Fixate the Lead Helix
With the lead in the correct position, fixate the lead in the following manner:
1. Attach the fixation tool to the terminal pin (Figure 1).
2. Apply adequate pressure to seat the distal electrode against the fixation site and slowly rotate the fixation tool
clockwise approximately 6 to 8 turns (1 second per rotation) to affix the distal electrode helix into the heart wall.
3. Do not release the fixation tool—hold it stationary.
4. Verify under fluoroscopy that the radiopaque markers are joined and the fixation helix is extended outside the
distal fluoroscopy marker (Figure 2).
Figure 2. Fluoroscopic markers illustrating appropriate retraction/extension
Markers not joined
Markers joined
Helix retracted
Helix extended
5. If the markers are not joined, 1 to 2 additional turns may be necessary.
CAUTION
: Minimize the number of turns. Excessive turns can cause damage to the lead, increased acute
thresholds, lead dislodgement and/or lead perforation.
6. Loosely hold the proximal end of the lead and release the fixation tool.
7. Remove the fixation tool by squeezing the handles of the tool together.
8. Carefully remove the stylet. Minimize manipulation of the lead to prevent dislodgement.
9. Ensure sufficient lead slack is present to prevent dislodgement.
If the helix mechanism fails to function properly during implant, the following caution must be observed to avoid
possible tissue snagging when removing the lead:
CAUTION:
Do not use the lead if the helix cannot be retracted during implant. Continuous
counterclockwise
rotation of the lead body during lead removal is necessary to avoid inadvertent tissue trauma.
Counterclockwise lead rotation helps to prevent accidental fixation and releases the electrode helix if tissue
snagging has occurred.
Check for Lead Stability
After fixation, partially withdraw the stylet 8 to 10 cm. Check the stability of the lead using fluoroscopy. Do not tug on the lead.

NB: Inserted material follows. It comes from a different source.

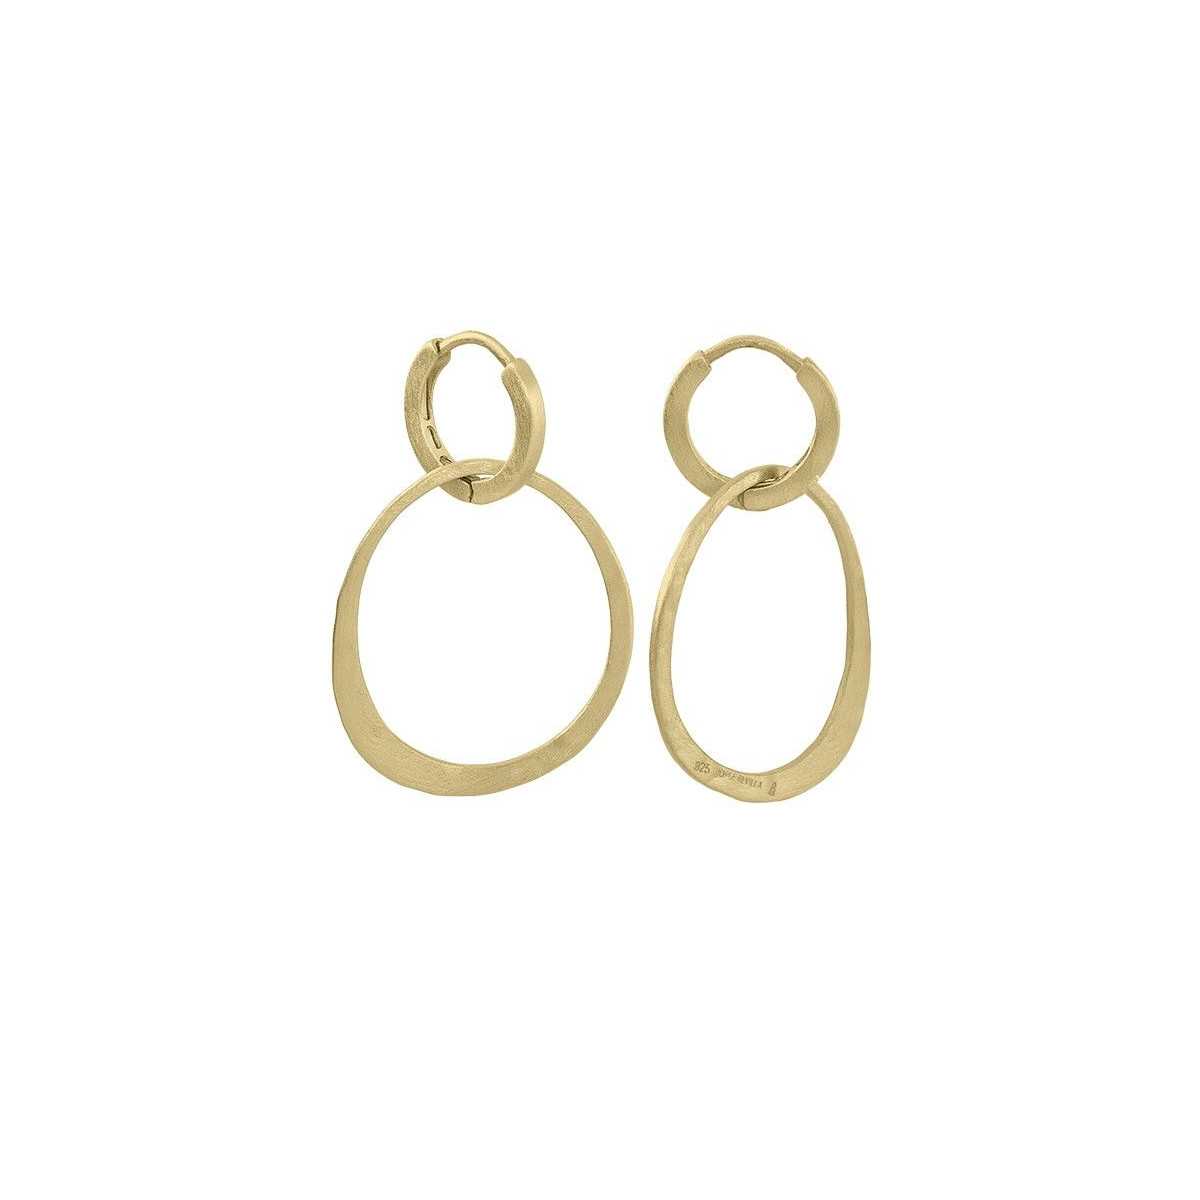 OLYMPIA Earrings in Silver. 18k Gold Vermeil

If possible, have the patient cough or take several deep breaths. When electrode position is satisfactory, completely withdraw
the stylet.
CAUTION:
Should dislodgement occur, immediate medical care is required to resolve the electrode position
and minimize endocardial trauma.
Reposition the Lead
If lead repositioning is necessary,
•
Verify the stylet is fully inserted into the lead
•
Reattach the fixation tool and rotate the tool counterclockwise 6 to 8 turns to retract the helix. Do not over-rotate the
helix.
•
The use of fluoroscopy may help to verify that the helix is retracted and disengaged completely from the heart wall.
•
Reaffix the electrode using the positioning, fixation and checking for lead stability procedures described previously.